Yes, but only regarding that particular variable.  It says nothing about the
ordering wrt neighboring reads/writes.

> Note that we only write c->fields if the atomic_inc_return
> returned the proper value.

Ah, ok, atomic_ops.txt does document that atomic operations which return a value
will act as a full memory barrier both before and after.  The atomic_dec()s may
still be an issue though, which we could fix either by making them
atomic_dec_return(), or inserting an smp_mb__before_atomic_dec().

(In reply to comment #17)
> Sure, I agreed. I hope someone who has bigger SMP machine tests this patch 
> and find meaningful results.

Unfortunately, I don't have any such machines.  But anyway, you could also
consider using local_t, which keeps the same barrier semantics as atomic_t
without the cross-CPU bus locks.

> BTW, I think we can check busy flags safely with smp_call_function.

It may be safe, but why would you want to do this?  I see no advantage over the
simple loop that we have now...

Comment 19 Josh Stone 2009-03-03 20:13:30 UTC

(In reply to comment #18)
> The atomic_dec()s may still be an issue though, which we could fix either by 
> making them atomic_dec_return(), or inserting an smp_mb__before_atomic_dec().

Hmm, actually I guess there aren't any context writes in the probe exit-path
that would be hurt by the decrements being reordered and an interrupt jumping
in.  So maybe this is ok as-is.

Comment 20 Josh Stone 2009-03-07 23:24:07 UTC

Another possibility is to choose something like c->probe_point to protect
against reentrancy instead, and update that field with compare-exchange.

Comment 21 Frank Ch. Eigler 2009-03-07 23:59:58 UTC

(In reply to comment #20)
> Another possibility is to choose something like c->probe_point to protect
> against reentrancy instead, and update that field with compare-exchange.

Only if no probe cannot possibly reenter itself.

Comment 22 Josh Stone 2009-03-08 00:32:52 UTC

(In reply to comment #21)
> (In reply to comment #20)
> > Another possibility is to choose something like c->probe_point to protect
> > against reentrancy instead, and update that field with compare-exchange.
> 
> Only if no probe cannot possibly reenter itself.

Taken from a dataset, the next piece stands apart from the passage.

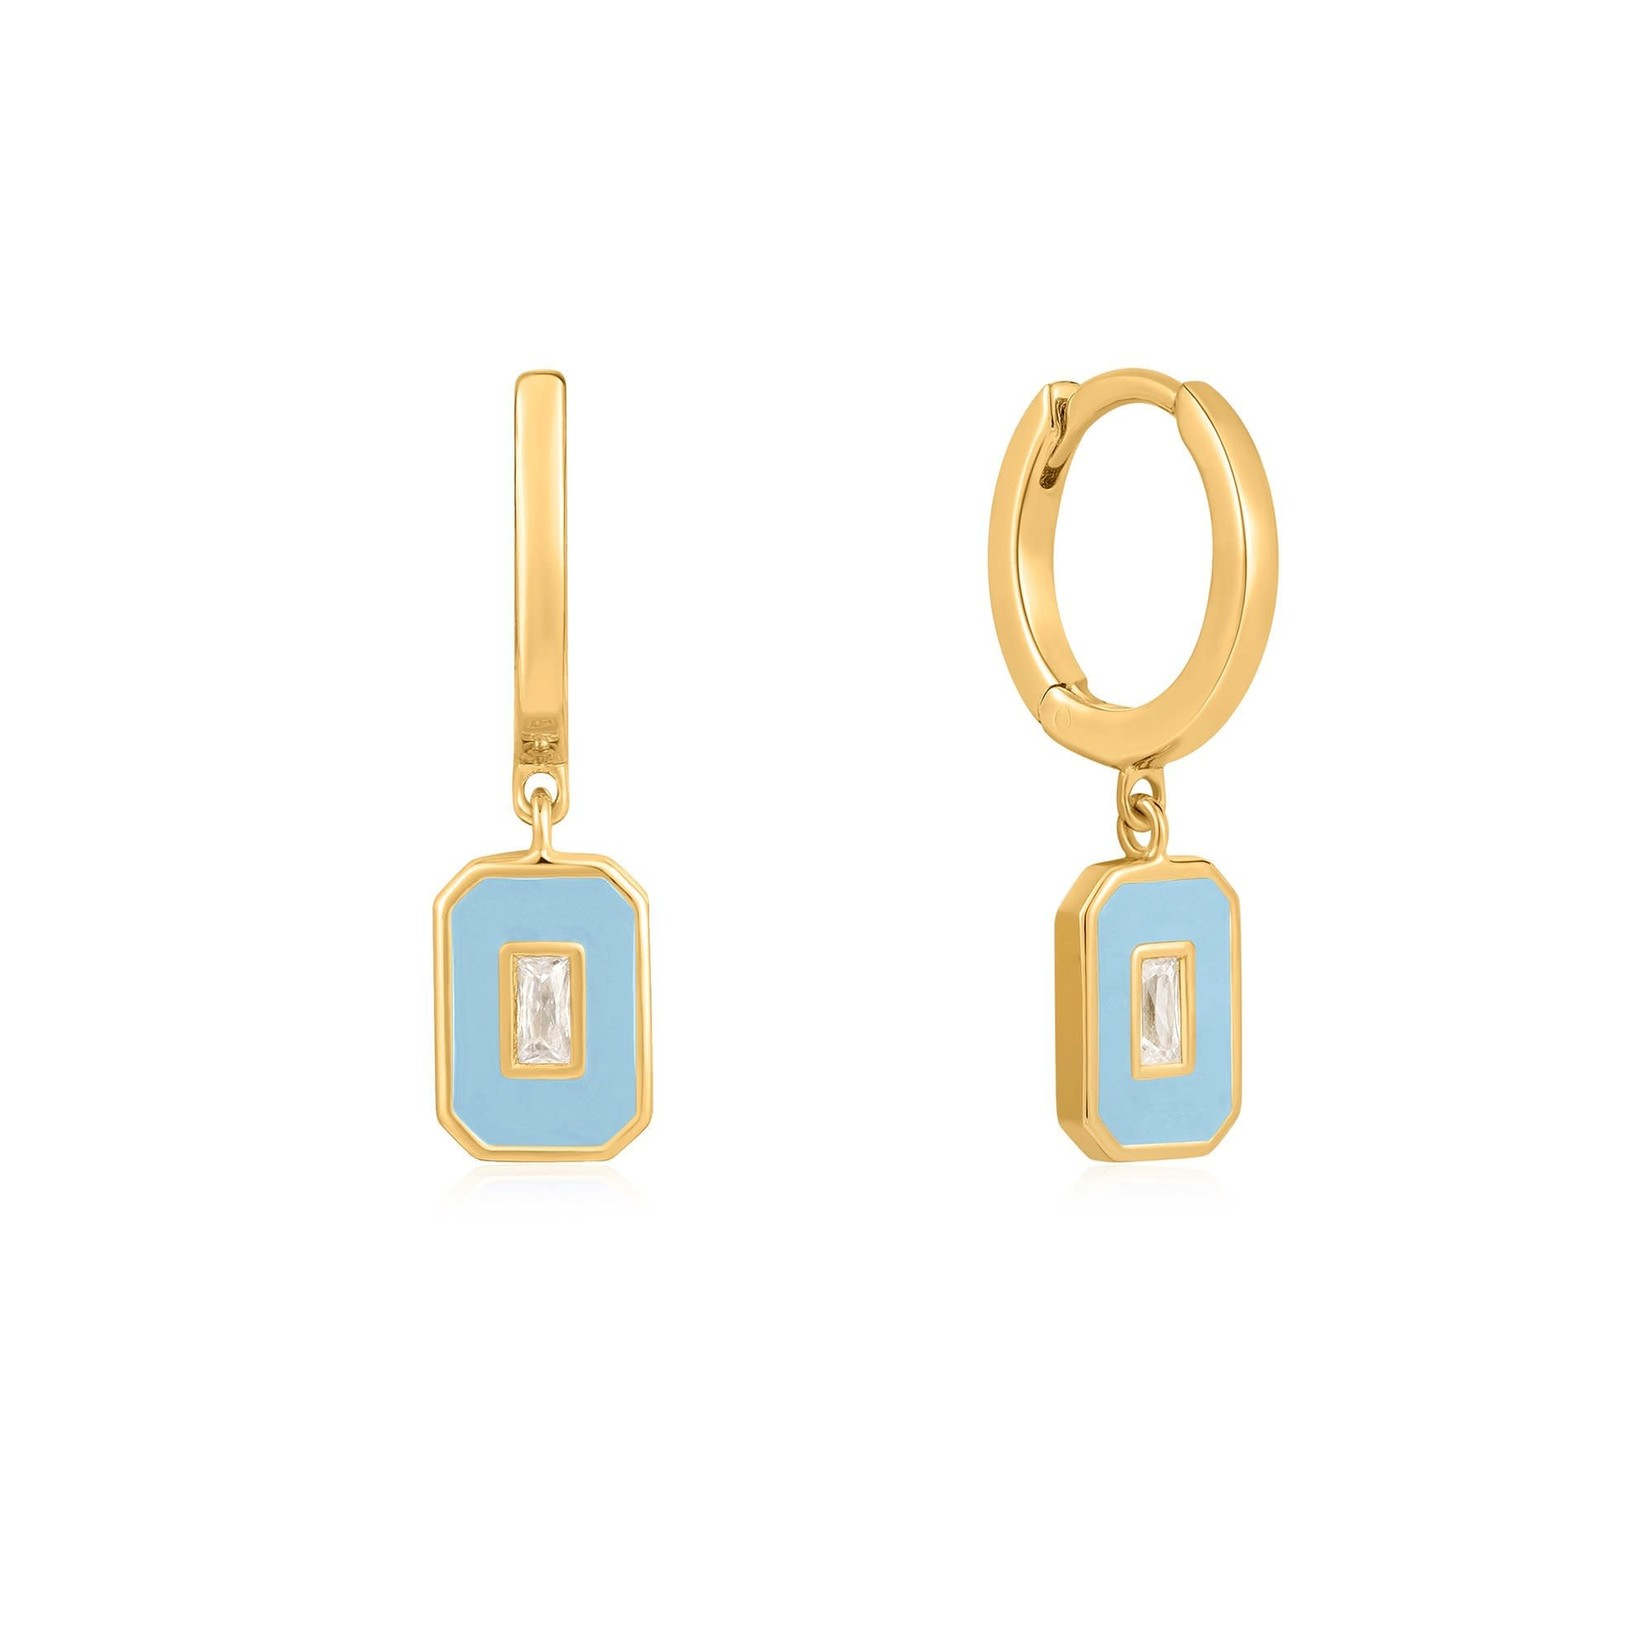 Ania Haie Powder Blue Emblem Earrings

Why is that?  The probe would just cmpxchg against 0 -- if it returns anything
non-0, then somebody is already in there.  This works even if that somebody is
the same probe.

Comment 23 Frank Ch. Eigler 2009-03-08 05:52:48 UTC

> Why is that?  The probe would just cmpxchg against 0

Ah yes, you're right.

Comment 24 Frank Ch. Eigler 2011-06-10 19:52:38 UTC

Probably not worth it; can reevaluate if performance differences are observed.